Code for the paper STN-OCR: A single Neural Network for Text Detection and Text Recognition
https://arxiv.org/abs/1707.08831
GNU General Public License v3.0
499 stars 137 forks source link

2 details questions #29

Closed caoyangcr7 closed 5 years ago

caoyangcr7 commented 5 years ago

@Bartzi Sorry to bother you again, I have another 2 questions. first is still about the N, because different training images may have different length of words or characters, so will N change during trainning? When I saw the source code, I found that N was set by num_time_steps param. if N keeps the same during training, so what should we do if N is larger than the length of words or charaters? the second question is about the recognition network,When we get N text regions from the original images after the sample network, how could we find the corresponding label for different text regions during training?for example, we get 2 text regions '16', '18', and we have 2 labels '16', '18',how can we choose label ‘16’ for text regions '16' instead of '18' during the network training? Wish your reply, Thanks.

caoyangcr7 commented 5 years ago

N is the number of stn matrix in paper.

Bartzi commented 5 years ago

Hi,

N does not change during training. It is set to the maximum amount of text regions you want your network to extract. Naturally, it will happen that some words are shorter than N. IN this case you must make sure that the these extra timesteps are labelled with the blank label, so that the network learns to predict the correct number of characters/words in the image.

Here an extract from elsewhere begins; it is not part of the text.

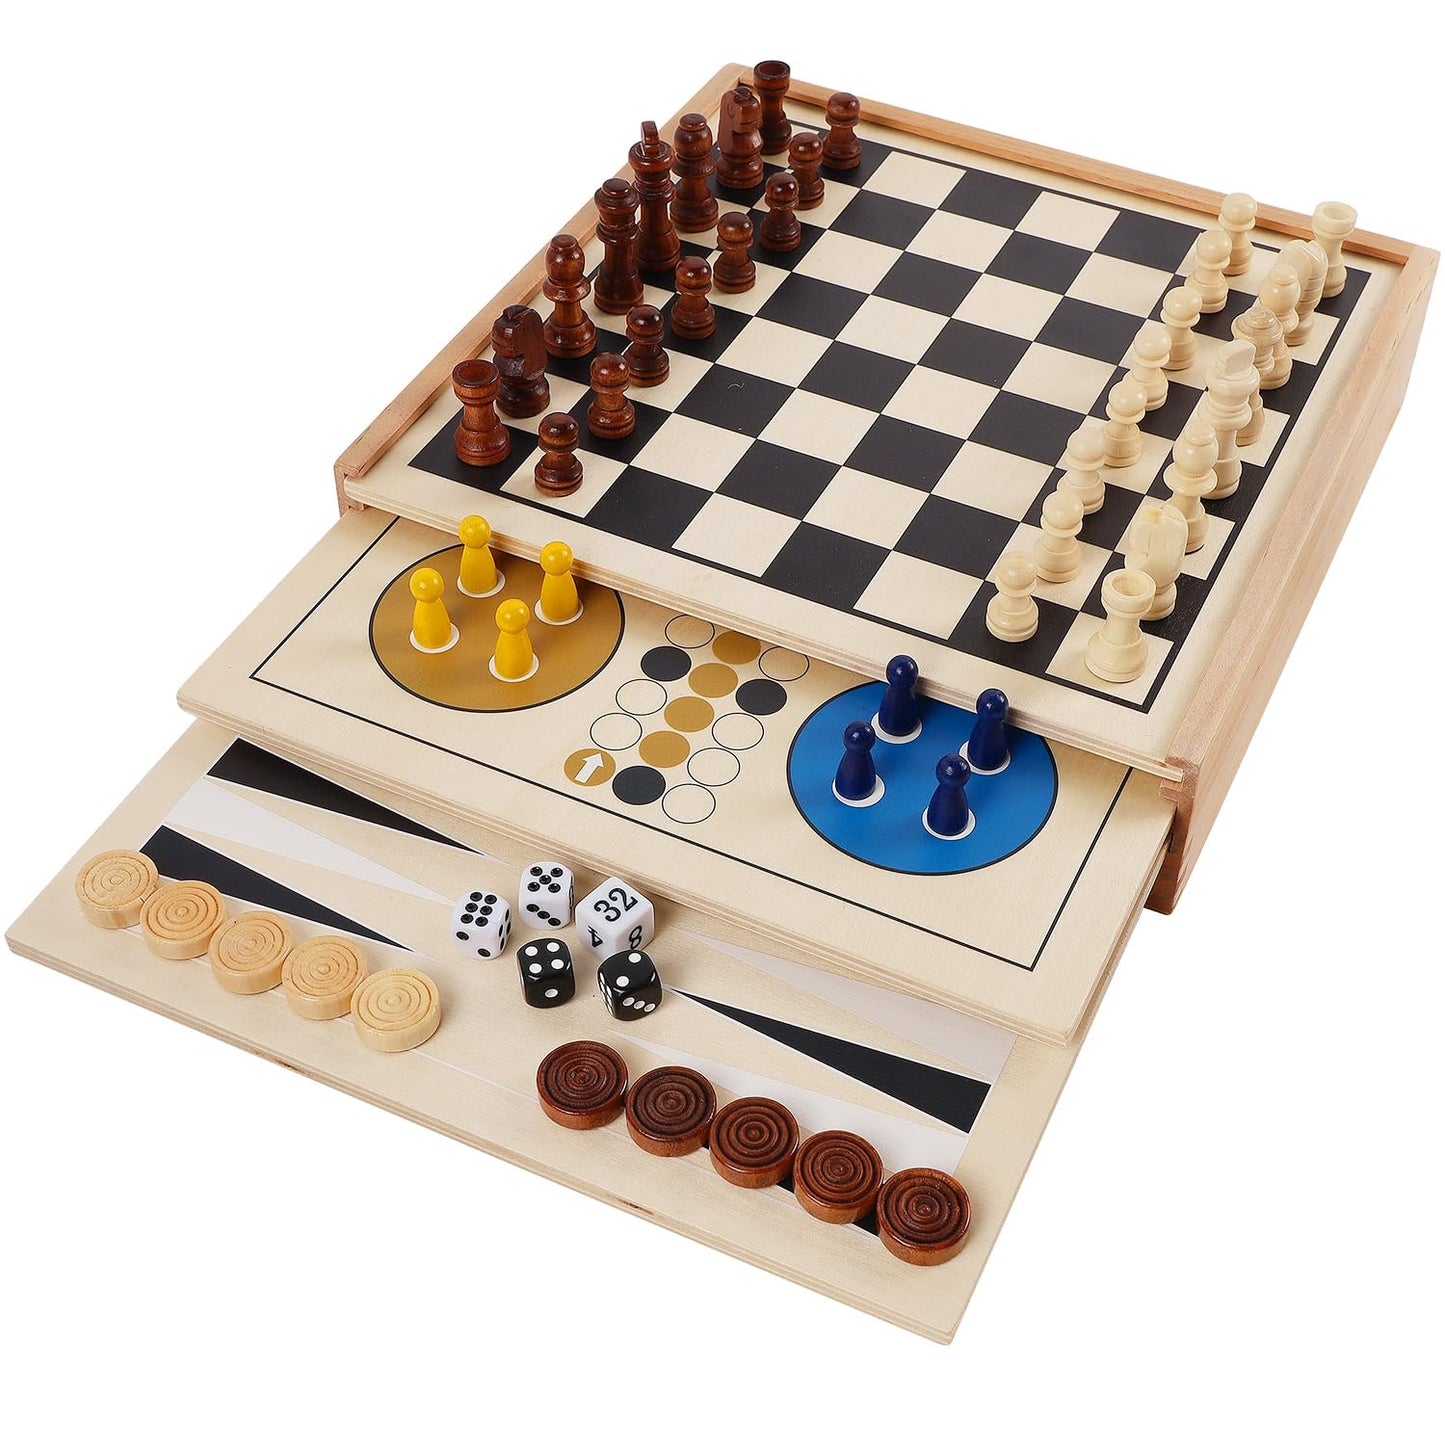 Juegoal 7-in-1 Wooden Board Game Set for Kids Adults, Tabletop Combo Classic Travel Portable Board Games (Chess, Checkers, Chinese Checkers, Backgammon, Parcheesi, Snakes and Ladders, Tic Tac Toe) - amzGamess
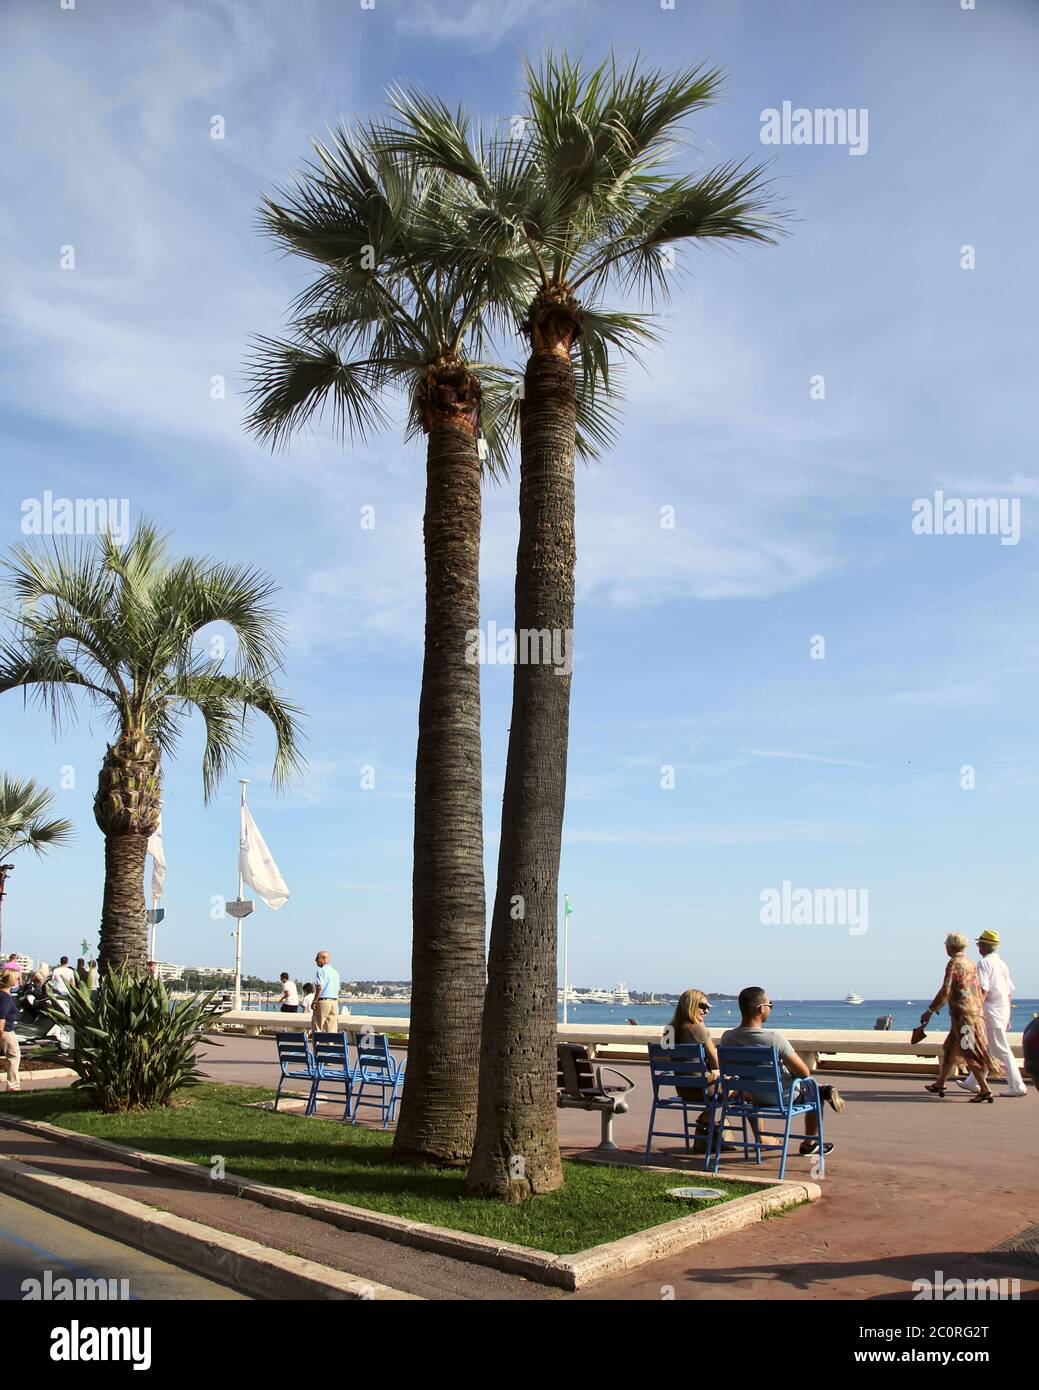 CANNES, FRANCE -  JULY 5, 2014. Palm trees on the Croisette in Cannes city. Cannes located in the French Riviera. The city is fa Stock Photo

Let's have a look at your example: Let's assume the 16 is in the top-left corner of the image and the 18 is in the bottom-right corner of the image. Since we always assumed that we read from left to right and top to bottom, we would say that the first label is 16 and the second label is 18. With this way of defining our labels, we tell the network to put the first prediction always close to the most top-left word and all other predictions following the reading direction.

caoyangcr7 commented 5 years ago

@Bartzi,thanks for your reply. Maybe I didn`t explain my question 1 clearly. for question 2,I got it. About the N,it seems that you explain it as CTC loss. My question is that ,for example,now the N is set as 3,it means we can get 3 prediction text regions. if the number of ground truth labels is only 2,like “16” and "18" as above,you mean that we must make sure the label of extra prediction region is blank?Am I right?

Bartzi commented 5 years ago

Yes, that's it!

caoyangcr7 commented 5 years ago

@Bartzi Thanks a lot ! Hope everything goes well with you !